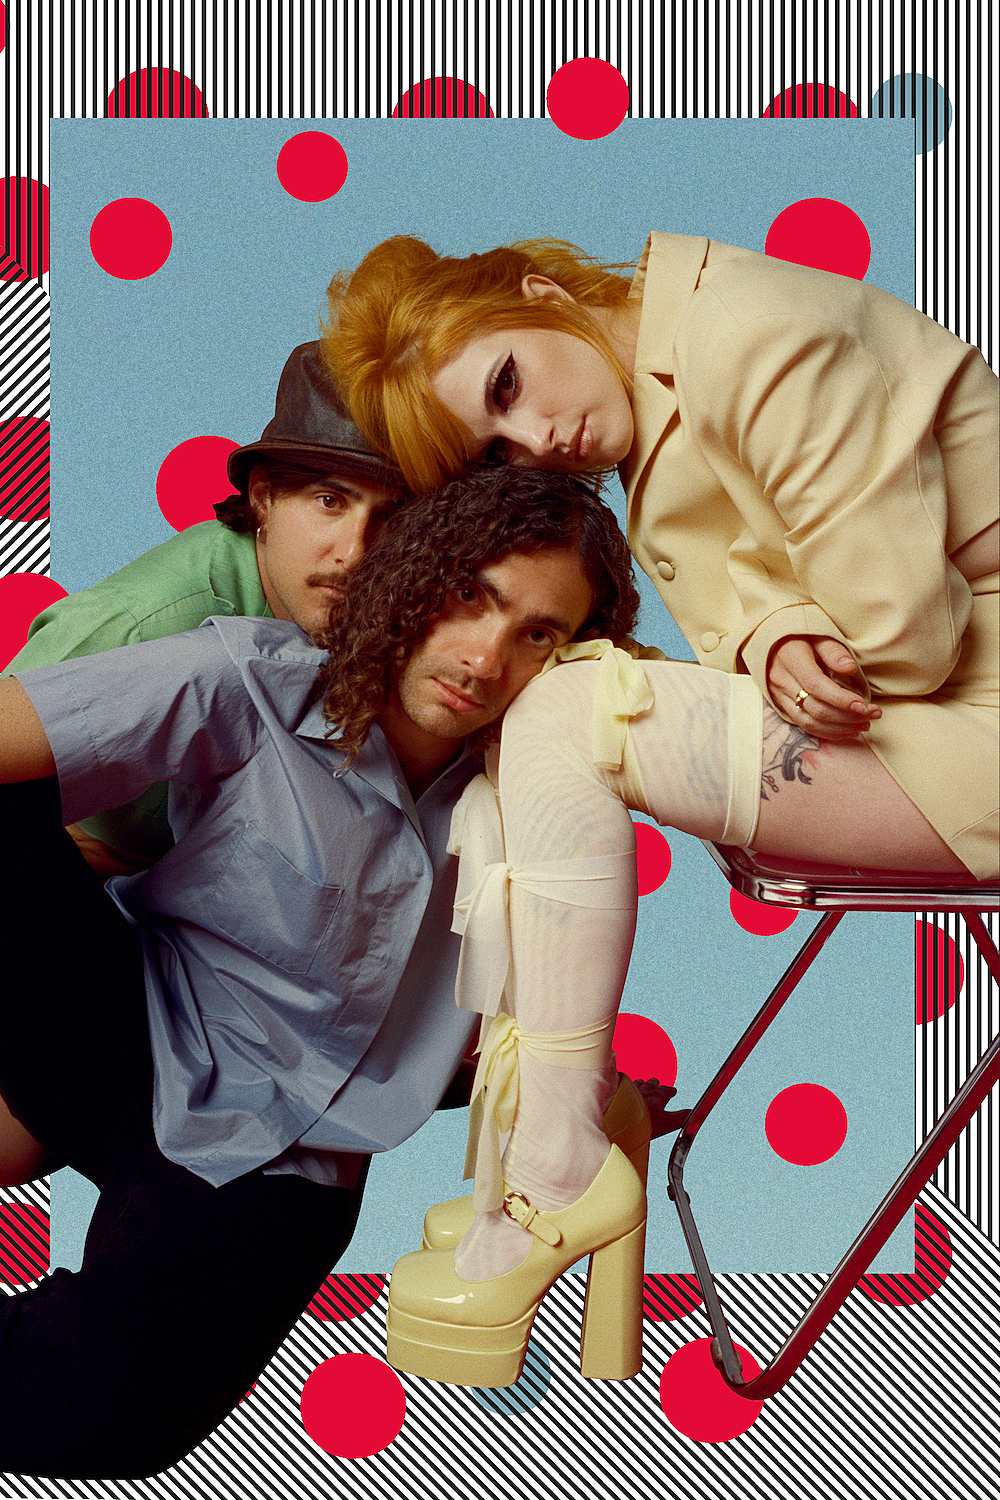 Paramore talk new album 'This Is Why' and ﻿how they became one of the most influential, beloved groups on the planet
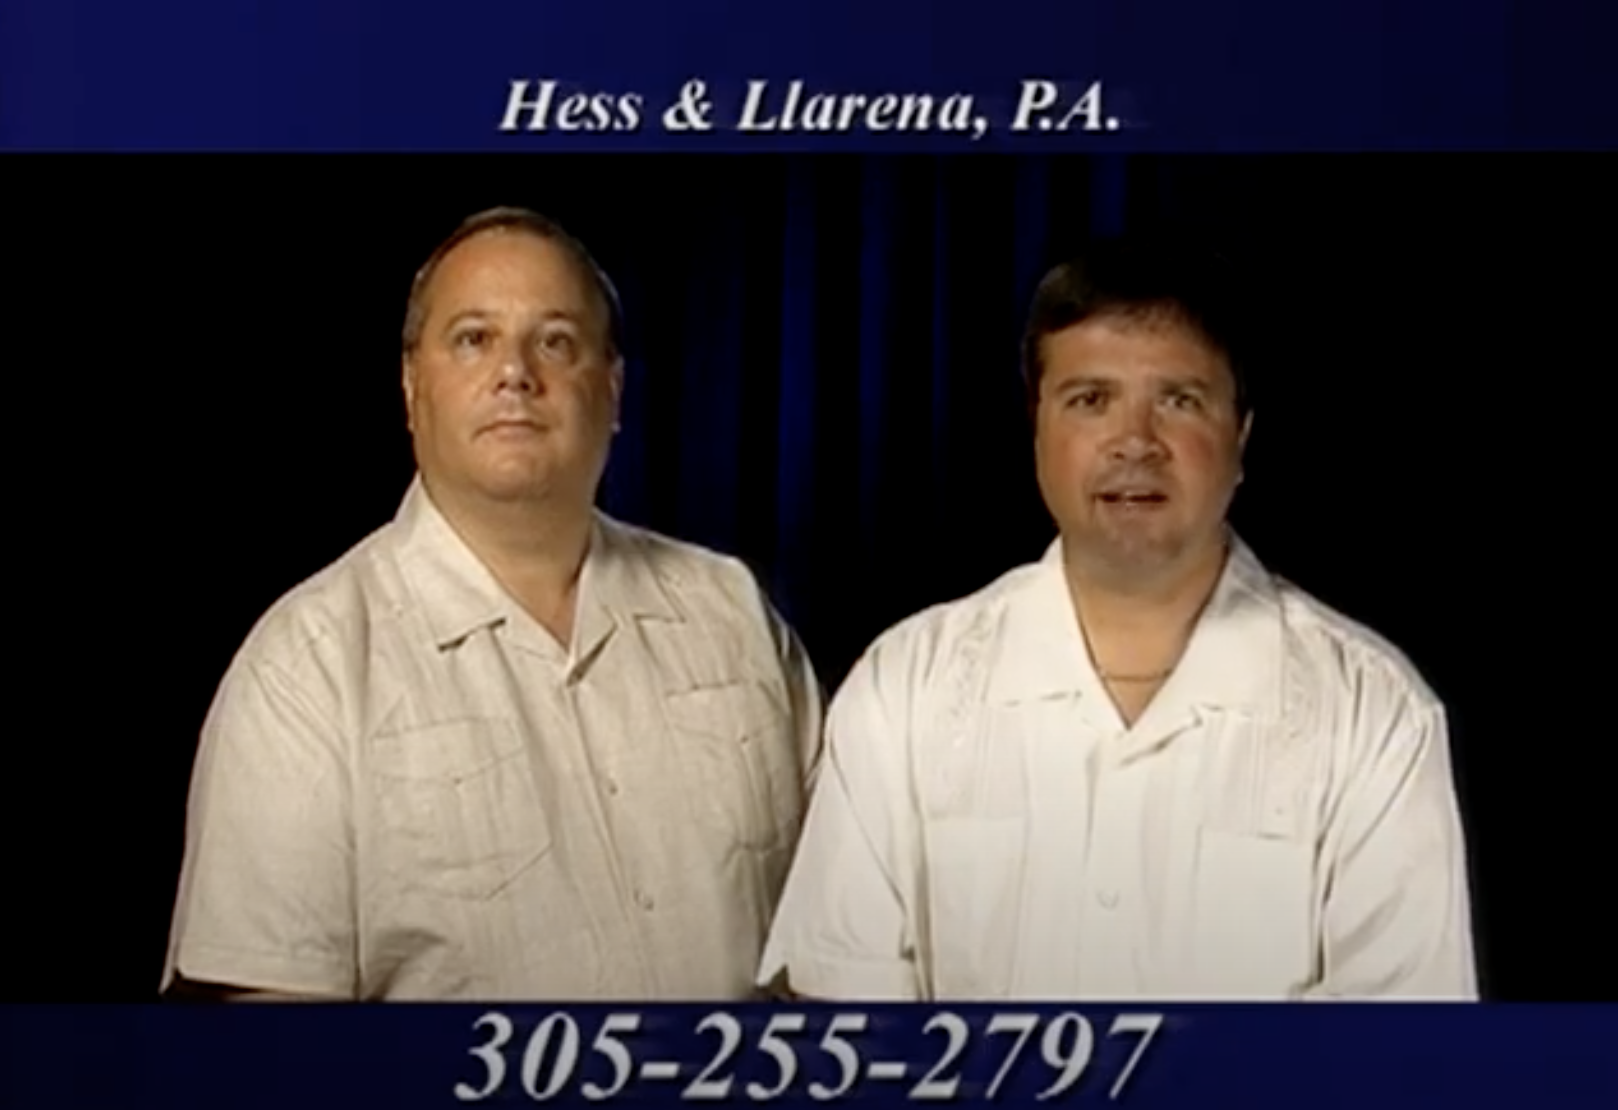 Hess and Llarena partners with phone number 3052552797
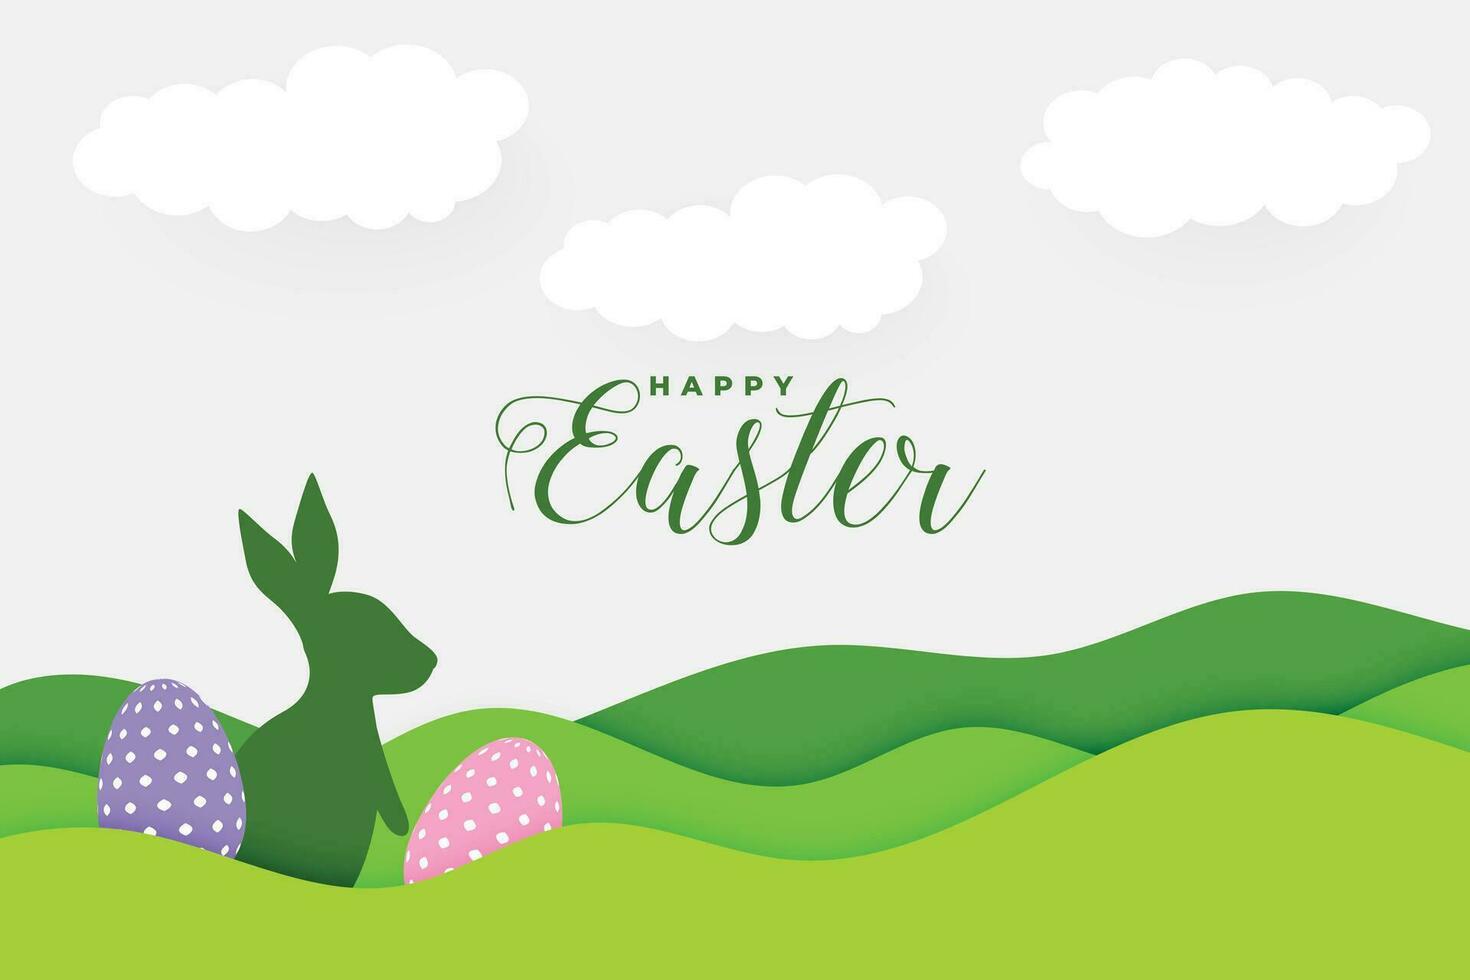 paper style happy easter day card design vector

EXERCISE -
All of the material above is to be copied exactly, except for its images.

EXPECTED ANSWER -
 Paramore talk new album 'This Is Why' and ﻿how they became one of the most influential, beloved groups on the planet
 Hess and Llarena partners with phone number 3052552797
 paper style happy easter day card design vector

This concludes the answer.